Мои воспоминания. Книга первая - Александр Бенуа
Шрифт:
Интервал:
Закладка:
Случилось же это ранней весной 1884 года, когда мне было около четырнадцати лет. Это тогда со мной приключился в классе один из первых моих любовных кризисов. Девочка, в которую я был тогда влюблен и которая сначала как будто отвечала моим чувствам, затем переценила свое отношение ко мне и всячески стала выказывать полное ко мне равнодушие. Все это было нечто очень детское и довольно-таки нелепое, переживал я свое несчастье с настоящими страданиями. К тому же как раз тогда зачитывался романами Дюма и, кроме того, только что совершенно сошел с ума от прочтения «Призраков» Тургенева. Мои любовные терзания сопровождались подобием галлюцинаций, я пробовал вызывать духов, которые должны были явиться мне на помощь, и, разумеется, некоторая доля подлинности во всем этом тонула в целом море самовнушения и самообмана.

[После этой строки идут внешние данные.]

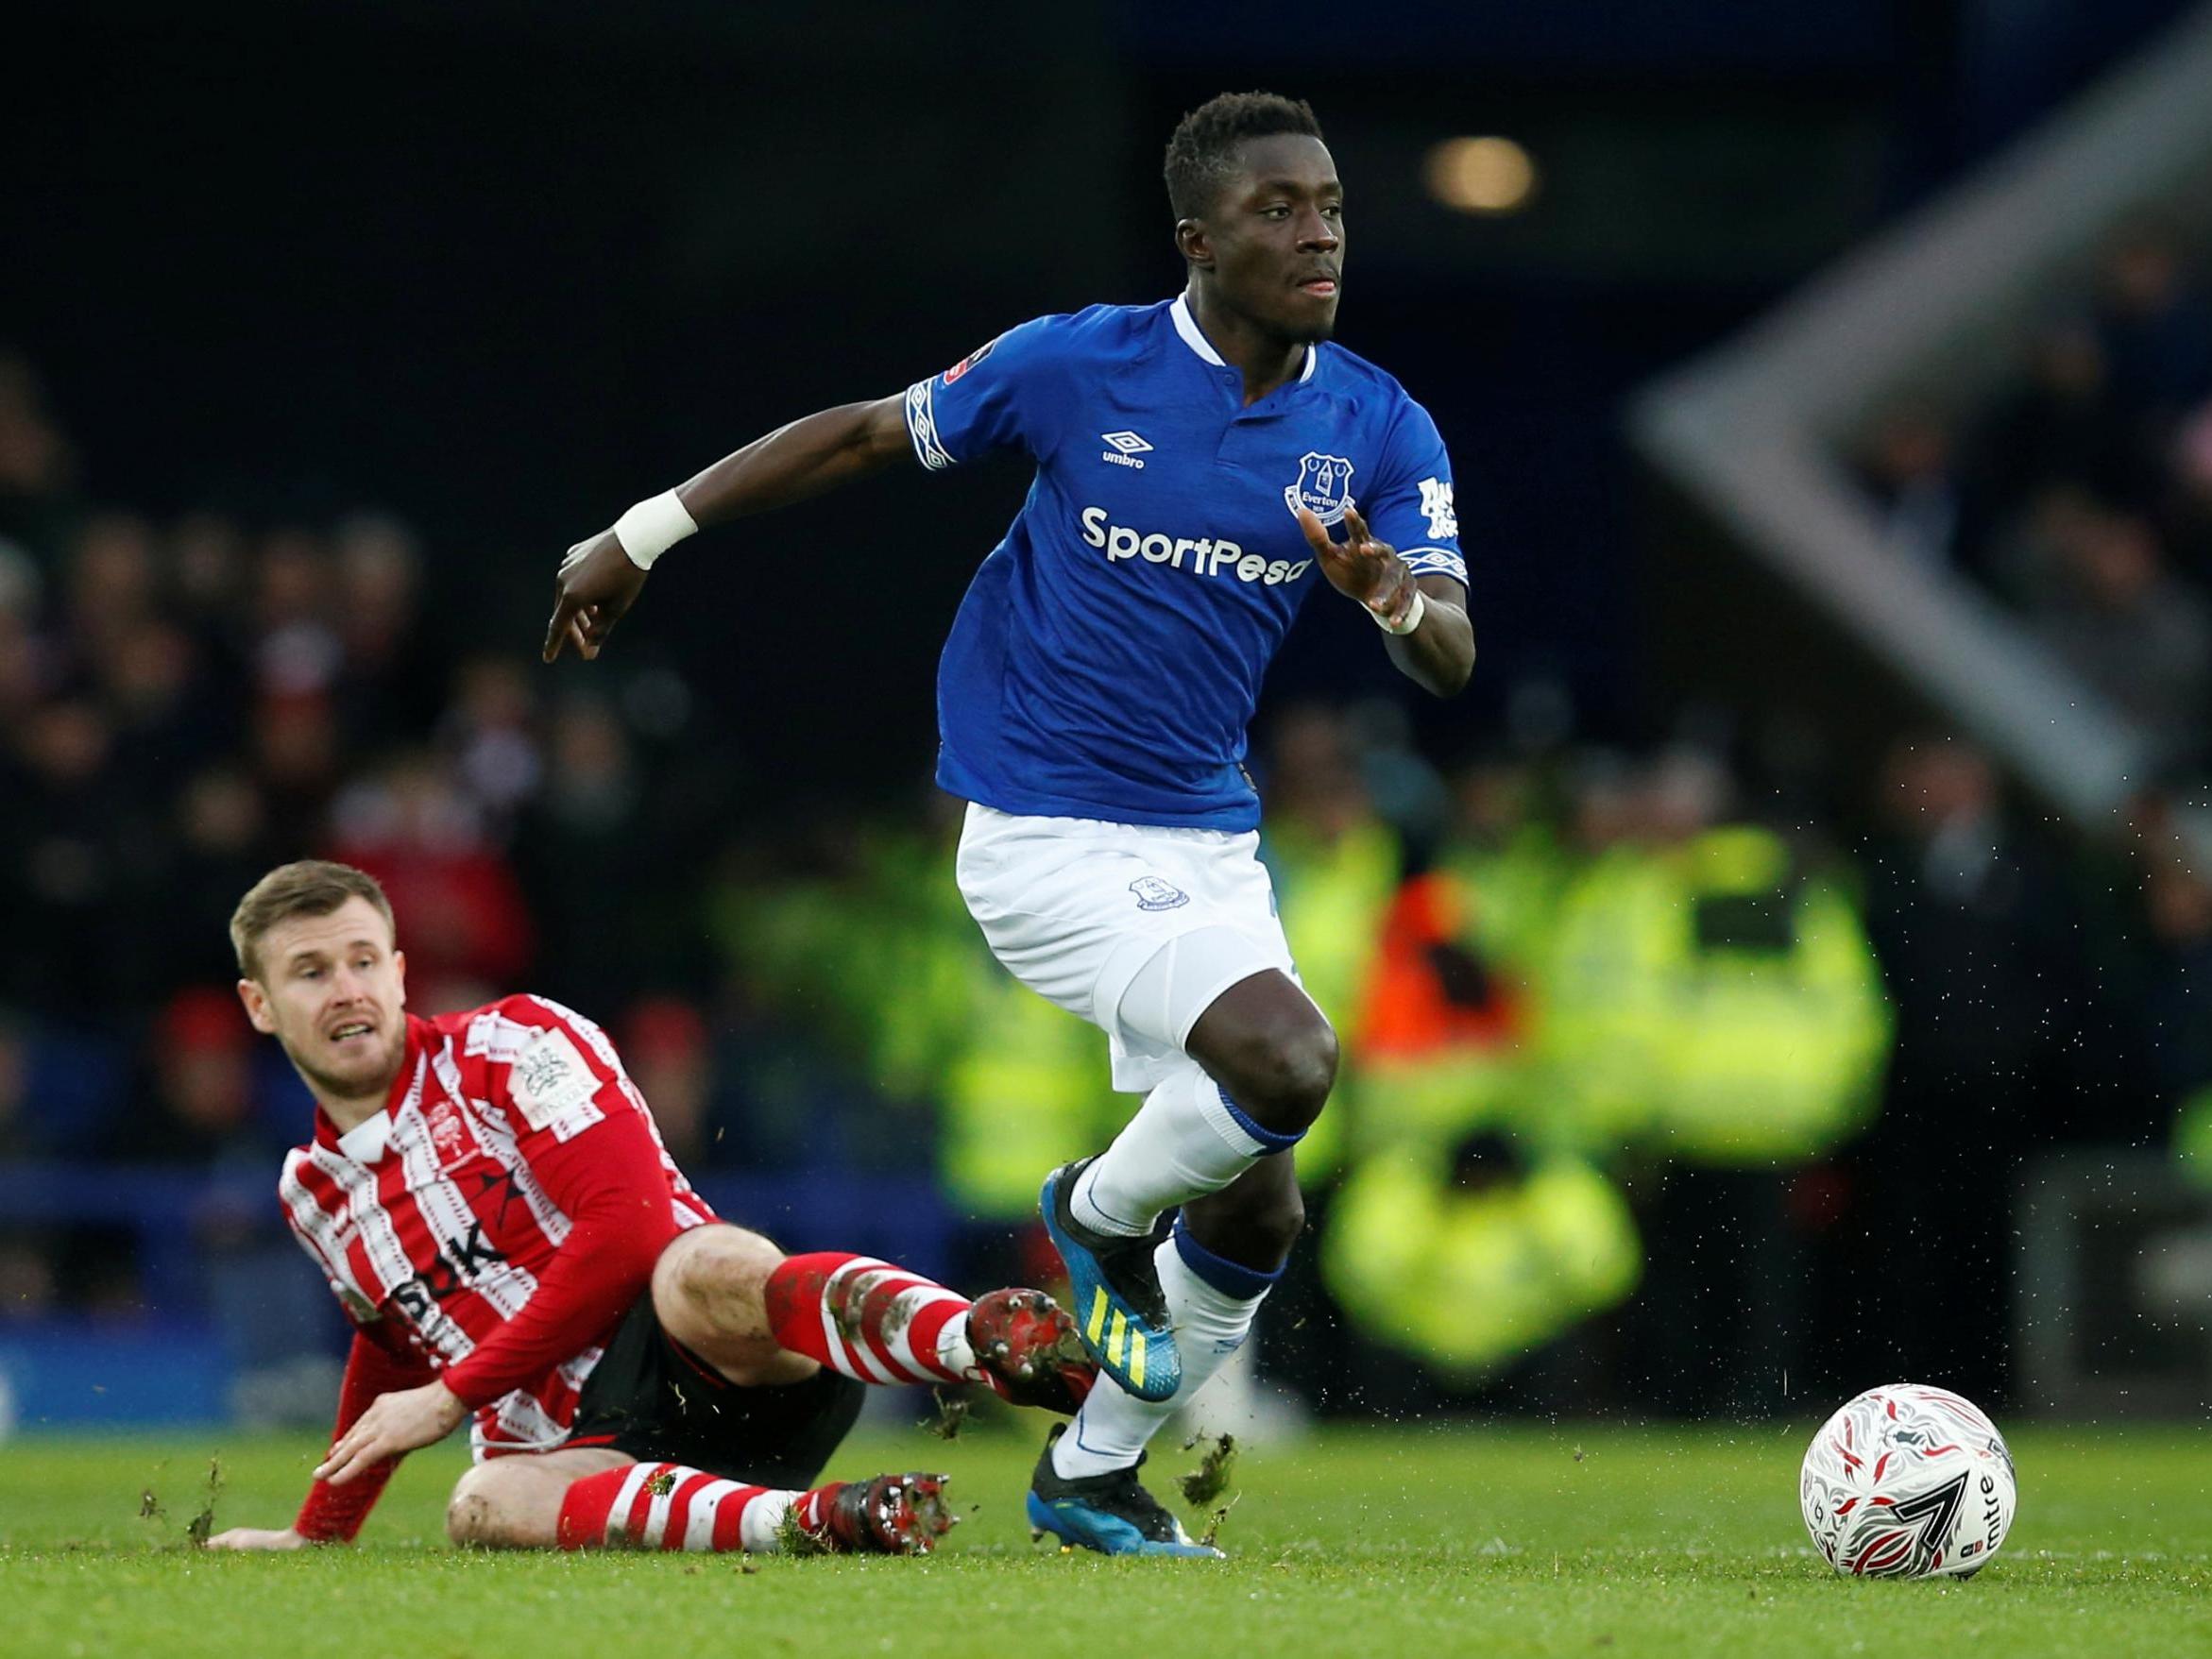 Everton's Idrissa Gueye wanted to depart Goodison Park (Reuters)

Дело дошло до того, что несколько раз у меня, при мысли об измене той, к которой тянулось все мое существо, делались припадки отчаяния. Ни с того ни с сего я заливался слезами, и мне казалось, что вот-вот я умру от горя. Один из таких приступов и случился как раз на уроке Шульца. Вызванный отвечать урок, я вдруг разрыдался и повалился на пол как бы в беспамятстве. «Немец» переполошился ужасно; при помощи других мальчиков он постарался меня привести в чувство (до настоящего обморока было далеко), затем вызвался сам отвести меня домой. Дома меня уложили в постель и обложили компрессами, отчего я размяк еще более и окончательно поверил, что болен любовью безнадежно и что мой конец близок. В естественной тревоге мамочка обратилась к Шульцу за советом, а он сразу ухватился за представившуюся оказию и уверил ее, что вся беда в том, что я не имею достаточно моциона, что я не делаю гимнастики и что я совсем не гуляю. Тут же Шульц предложил свои услуги, чтобы именно посредством моциона вывести меня из моего состояния, а мама с радостью за это предложение ухватилась. Настоящую же причину моих (наполовину воображаемых) страданий я при этом тщательно скрывал.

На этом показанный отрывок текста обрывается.